Deutsche Bahn Statistics is a (German) website with plots and tables about the Deutsche Bahn together with Python code to create them. The statistics are automatically updated monthly and use publicly available data. The data is available in a separate repo here: https://github.com/piebro/deutsche-bahn-data.
git clone https://github.com/piebro/deutsche-bahn-statistics
cd deutsche-bahn-data
uv sync
bash download_data.sh
uv run -m http.server
uv run run_all_calculations.py
Do it manually and copy the folder structure of the previous question. An overview of the dataset with its columns can be found in the data repository.

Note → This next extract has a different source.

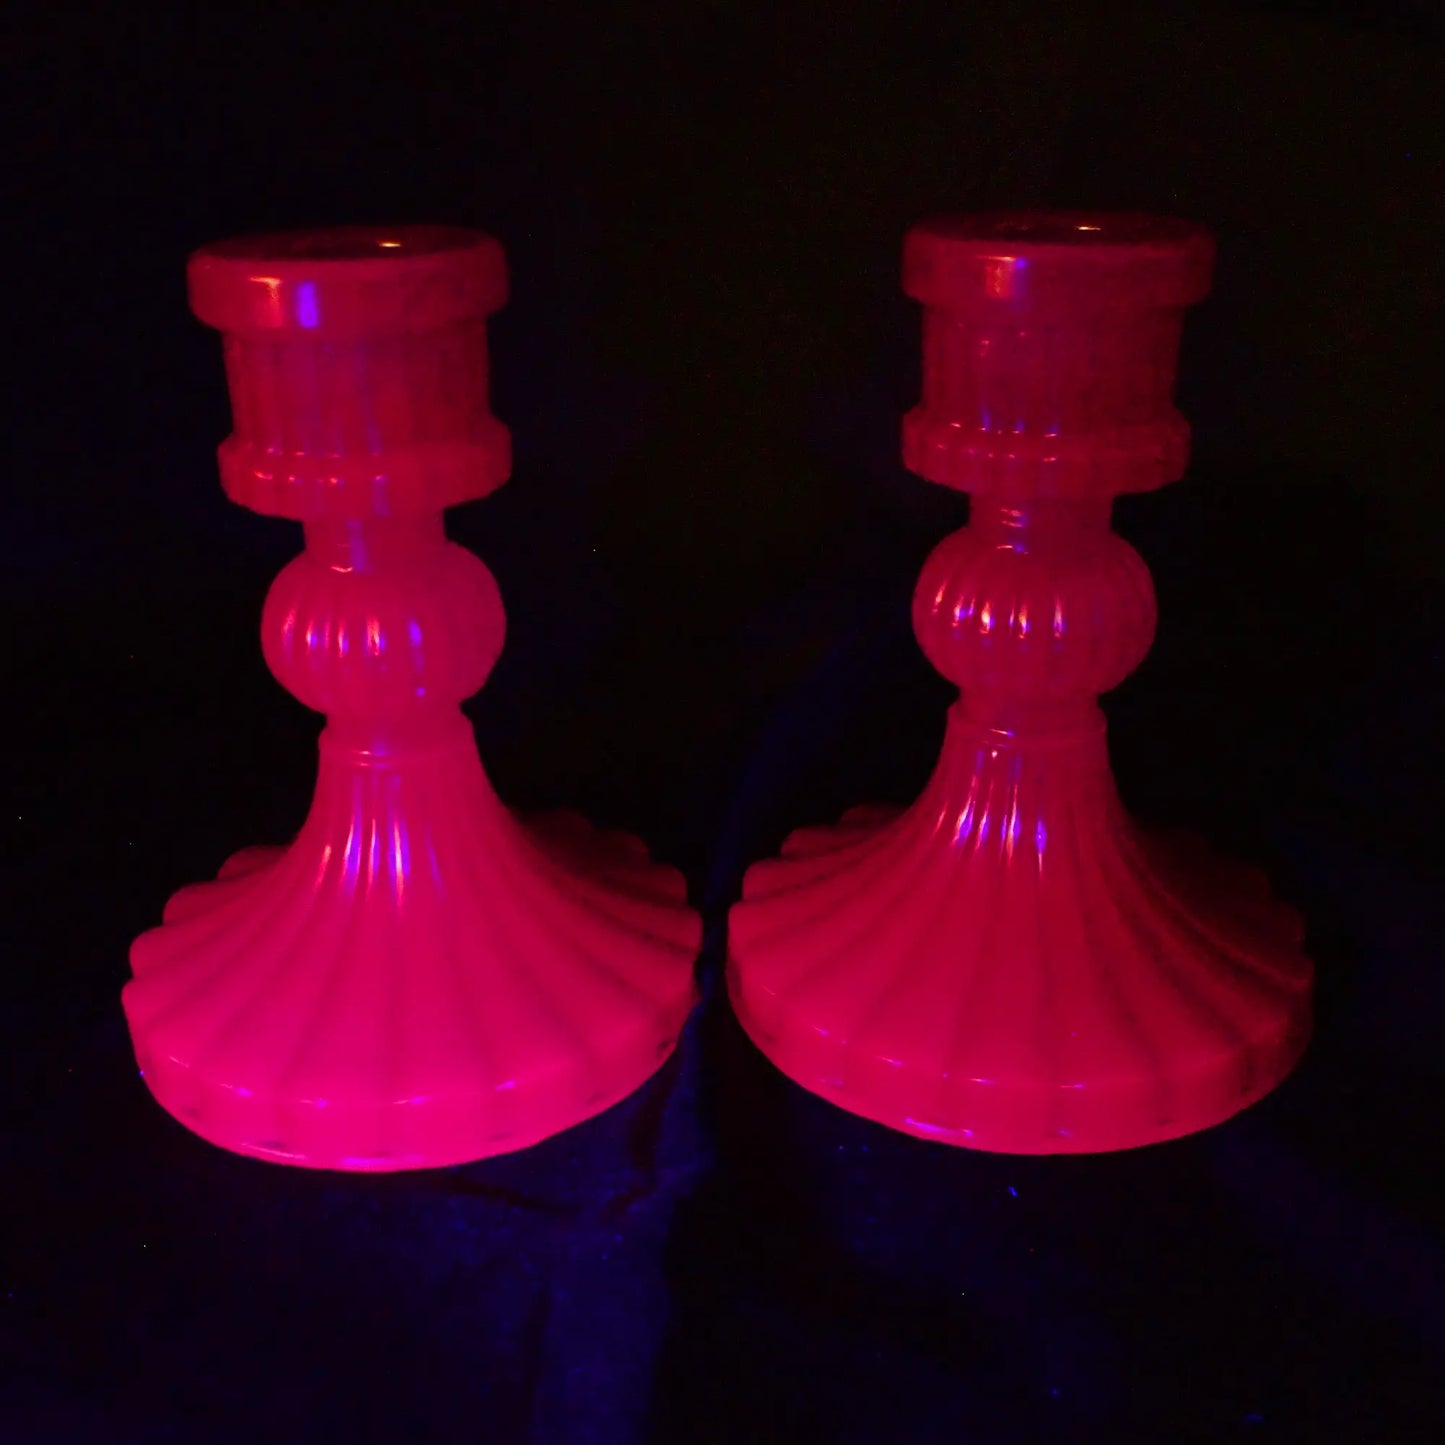 Photo of the vintage style handmade neon purple resin candlestick holders fluorescing pink under a UV light.

Update all the generated parts of index.html using the following script, after adding a new question.
START_DATE=$(date -d "$(date +%Y-%m-01) -3 month" +%Y.%m.%d)

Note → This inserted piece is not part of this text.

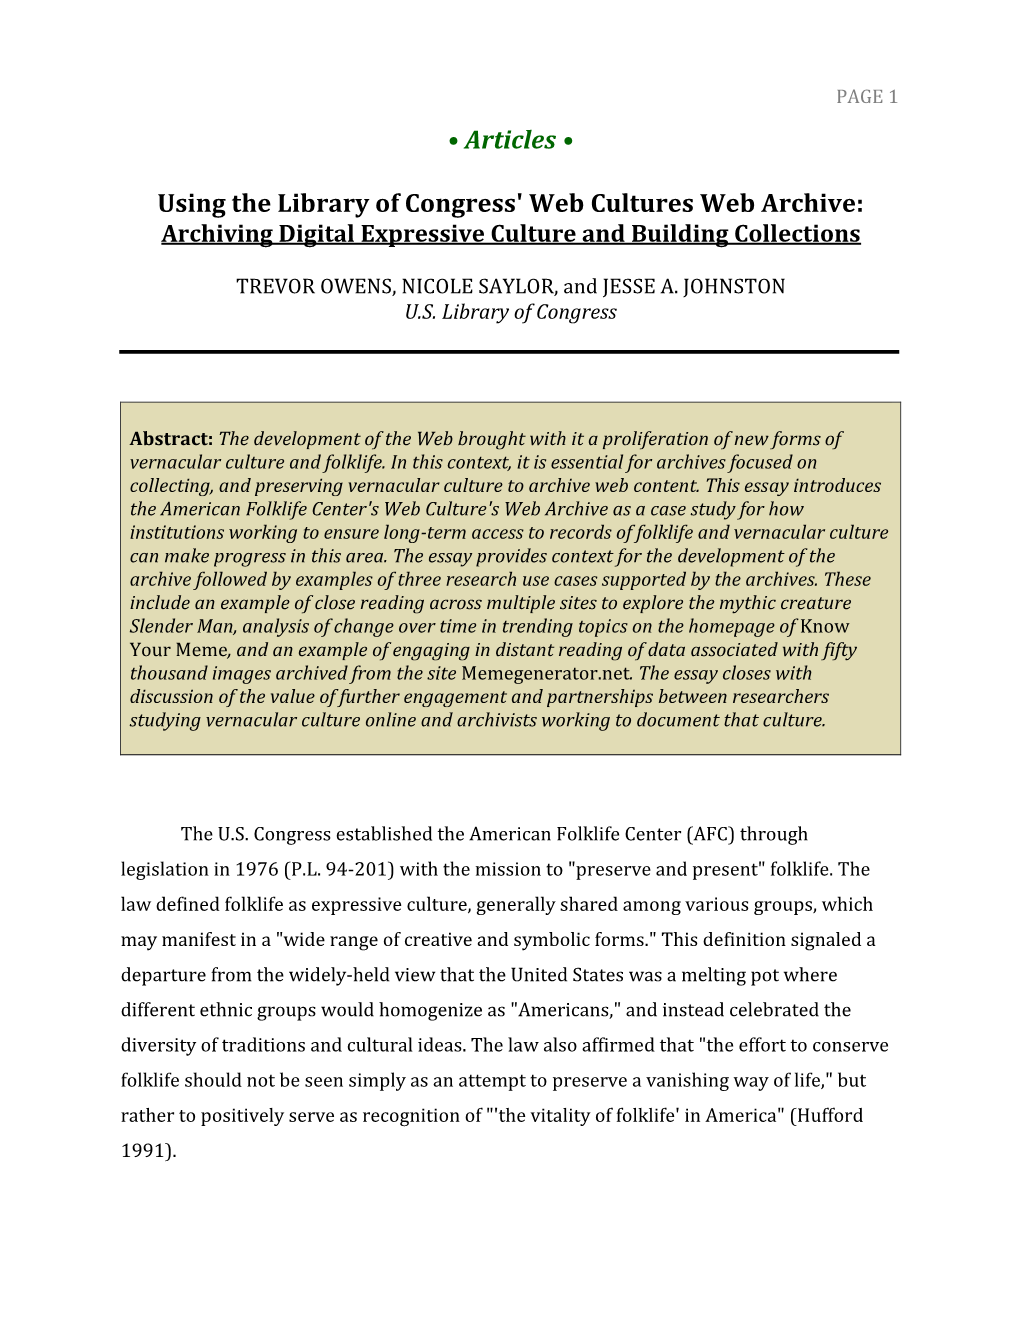 • Articles • Using the Library of Congress' Web Cultures Web

END_DATE=$(date +%Y.%m.01)
uv run generate_html_links.py $START_DATE $END_DATE "allgemein,zeitraum,direkter_zug,zugverbindung,verspaetungsverlauf_zugfahrt,verspaetung_pro_bahnhof,zuggattungen_pro_bahnhof,bahnhof,zuggattung"
Use ruff check
and ruff format
to lint and format the Python code before committing new code.

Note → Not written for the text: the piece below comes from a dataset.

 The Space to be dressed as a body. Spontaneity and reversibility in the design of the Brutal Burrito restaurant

There are a few other projects that look at similar data.
Contributions are welcome. Open an Issue if you want to report a bug, have an idea, or want to propose a change.
There is lightweight tracking with Plausible for the website to get info about how many people are visiting. Everyone who is interested can look at these stats here: https://plausible.io/piebro.github.io%2Fdeutsche-bahn-statistics?period=30d. Only users without an AdBlocker are counted, so these statistics are underestimating the actual count of visitors. I would guess that quite a few people (including me) visiting the site have an AdBlocker.
All code in this project is licensed under the MIT License. The data is licensed under Attribution 4.0 International (CC BY 4.0) by Deutsche Bahn.